B'lindy watched Nancy disappear toward the orchard with mingled amazement and disapproval. "There never was a letter I got I'd set by my work for! That's a young one for you!"

Out in her Bird's-nest Nancy held up the two envelopes. "I'll save you 'til last, Daddy," she whispered, kissing the handwriting she loved.

Claire's letter was short and yet so like her that Nancy could have believed her friend was there with her—talking to her.

"I'm perfectly miserable, and I can't let mother guess—she tries to make everything so jolly for me. But I'm just plain homesick for college and you girls. The summer isn't a bit what I'd planned. Barry went away before I got home. Mother thought he'd come back but he didn't, and the maddening thing is she won't tell me where he is. She said Barry was 'getting settled.' Isn't that absurd? I suppose he's gone off to the Canadian Rockies or maybe to Japan. But I don't see why mother has to make a secret of it! The war's changed all the men I know—none of them seem as nice. They're so restless and act so old. But then, I'm restless, too, and feel as old as the hills. For heaven's sake, Nancy, hurry up and do your duty by Anne's relatives and come here to me—I need you!"

"Funny Claire," laughed Nancy, talking aloud in the way she had learned at Happy House. "She's always trying to make herself think she's miserable. But Barry is a pill! Now, Daddy mine!"

Because she must make her moment of joy last as long as possible, she spread out each page; she peeped into the envelope to be certain that she had them all; she touched ever so lightly the penned lines; she even sniffed joyously at the paper in a vain hope of detecting the familiar odor of Havana tobacco.

The letter had been three weeks on its way. And it was in answer to one Nancy had written to him from college, soon after Anne's plans to go to. Russia had been completed.

"* * * * That is fine in Anne, but it seems to me, that in the enthusiasm of her youth she's overlooking opportunities for service closer at hand. These problems over here are so tremendous—they, need a tried mind and the wisdom of years. You know, my dear, if you want to do things to make this world better you can generally find them waiting for you in your very own corner!

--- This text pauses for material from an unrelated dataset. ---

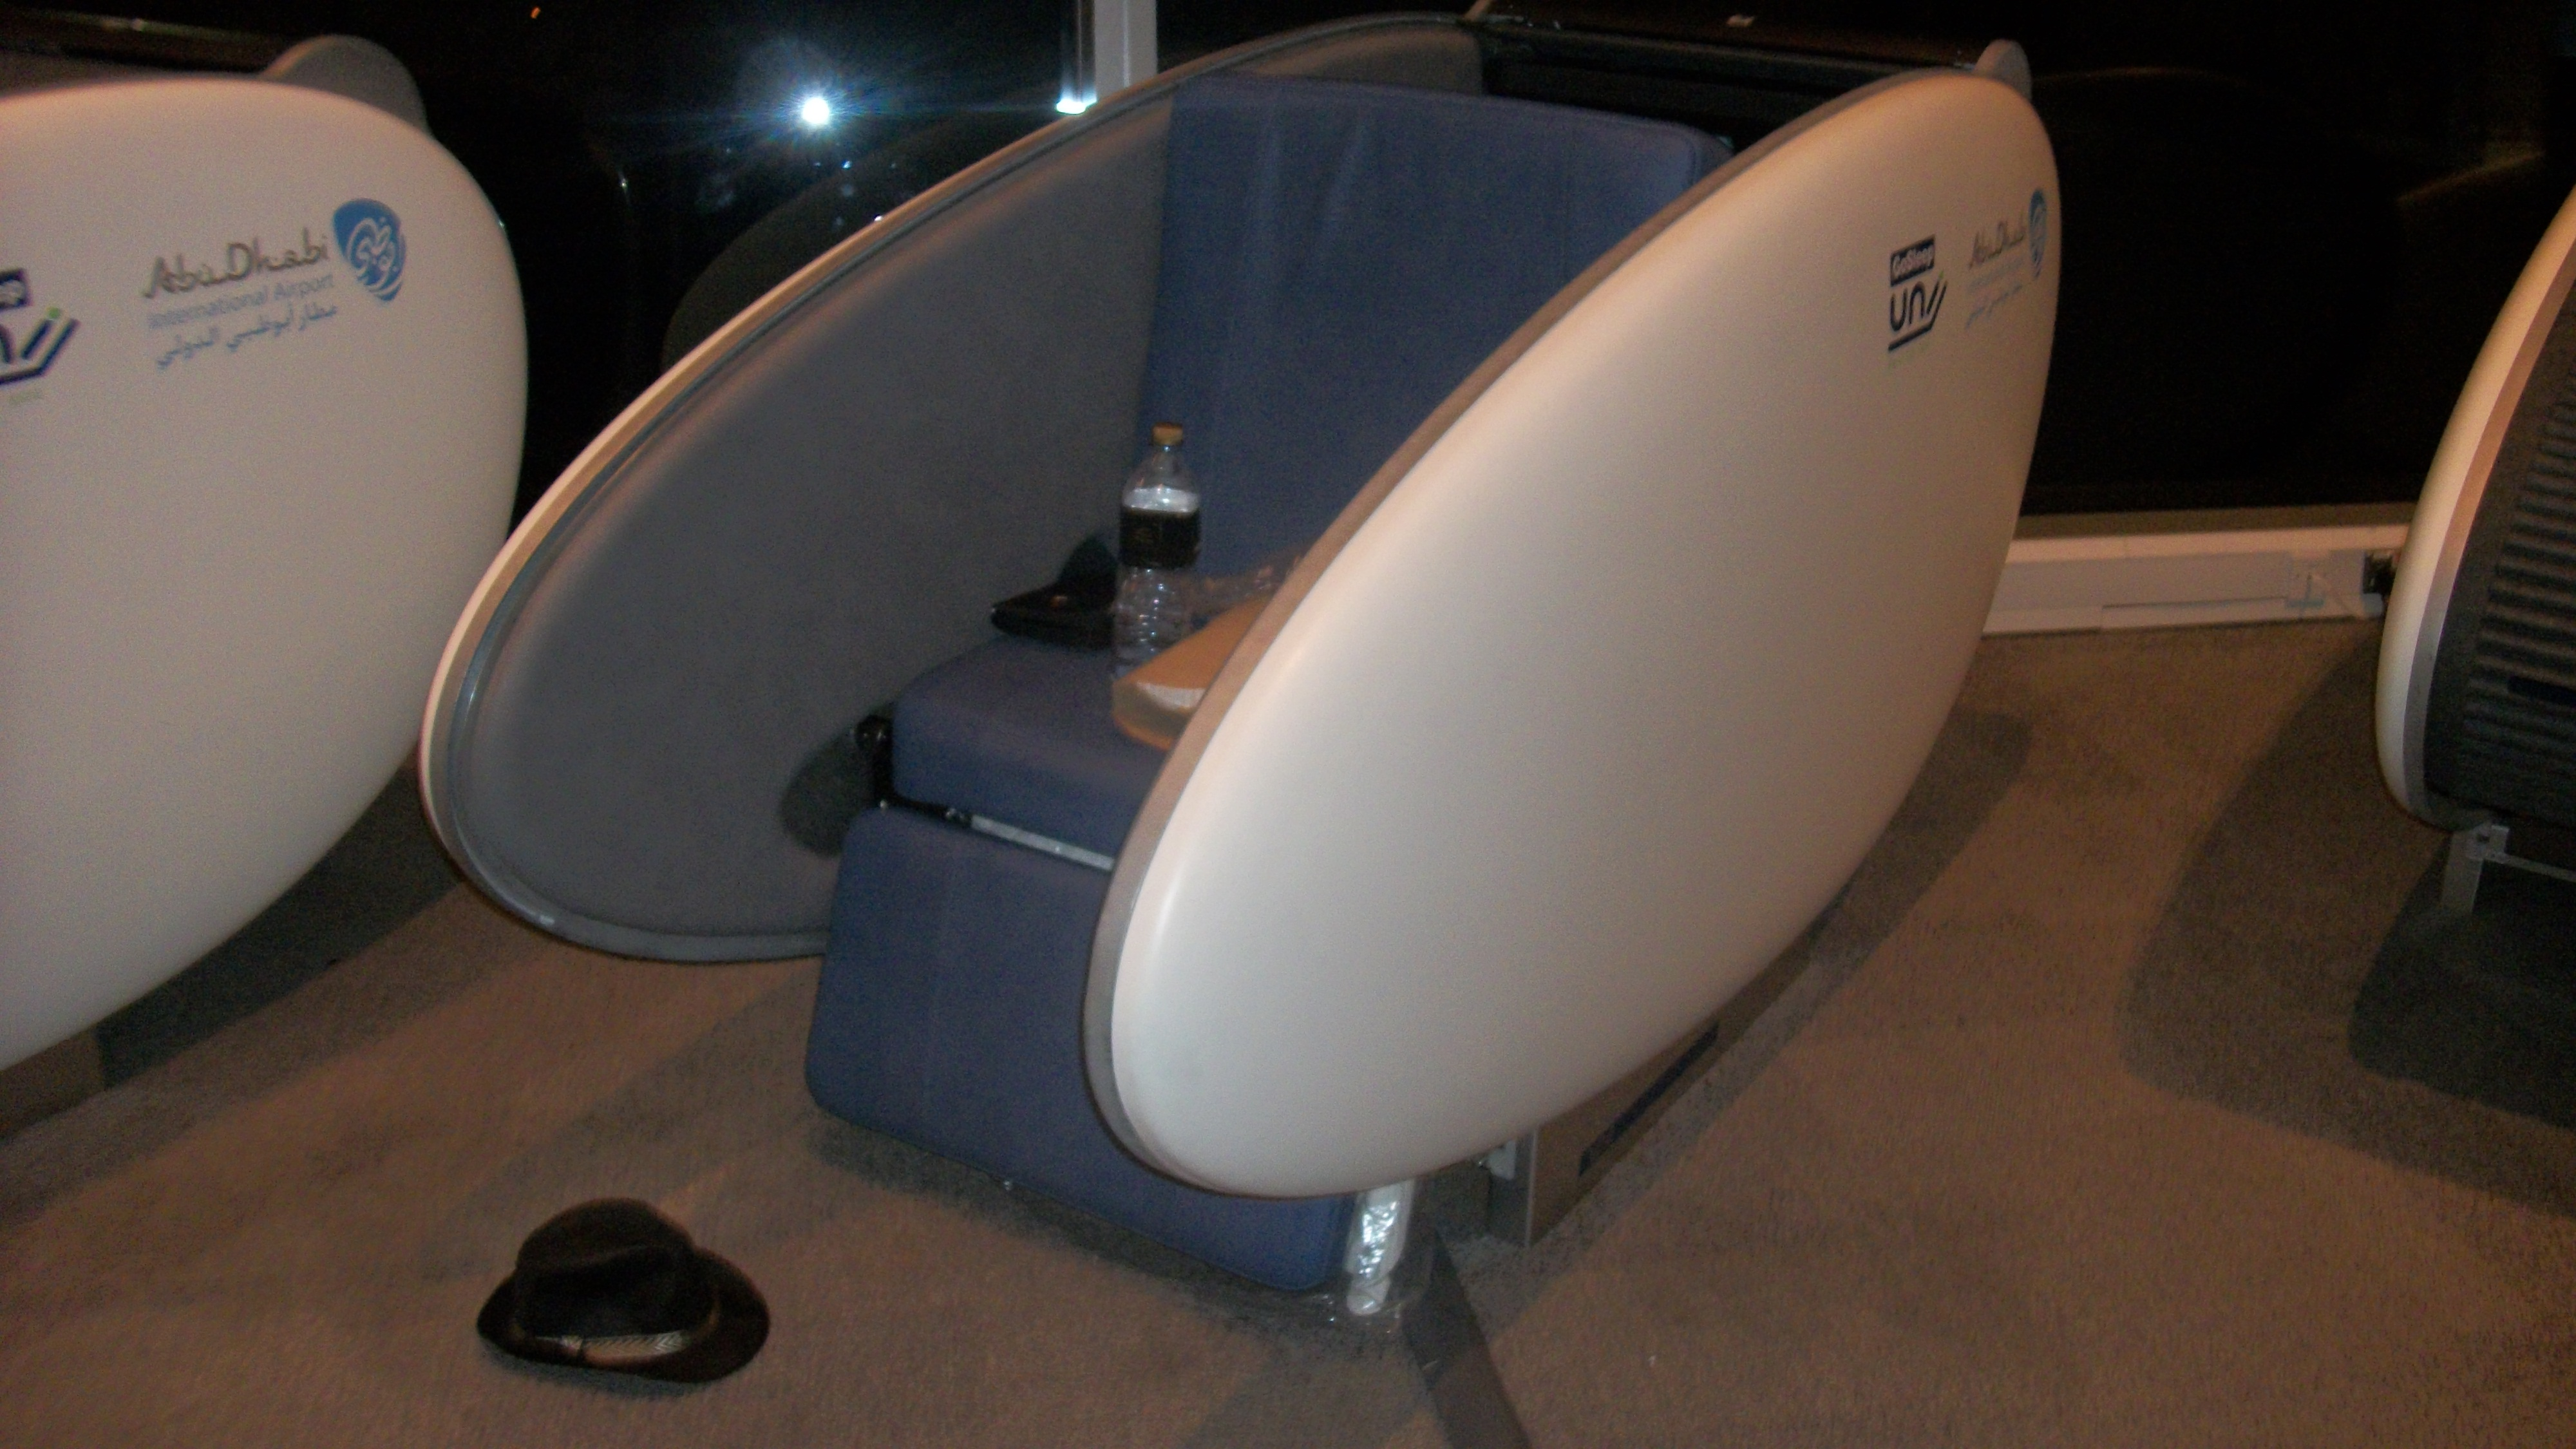 abu dhabi airport installs gosleep sleeping pods

Wherever you look you will see the destruction of prejudice, ignorance, selfishness and pride—you don't have to go to Russia to find it!

"In a few weeks my baby will be graduated. I cannot picture you grown up. Perhaps you will never seem so to your Dad. I feel as though these months that I have spent over here away from you must have made many changes in my girl—they have cheated me of a great deal of joy in your development. But I hope that the dignities you have acquired have not changed the dear, kind, joyous heart of you!

"You tell me you have decided upon a 'career,' but you will not tell me what—little torment! Is it something in which I can help? If it is useful and honorable, my child, it will bring you happiness, whatever it is. I hope it is a hard one, too, the more you have to work the more satisfaction you will enjoy.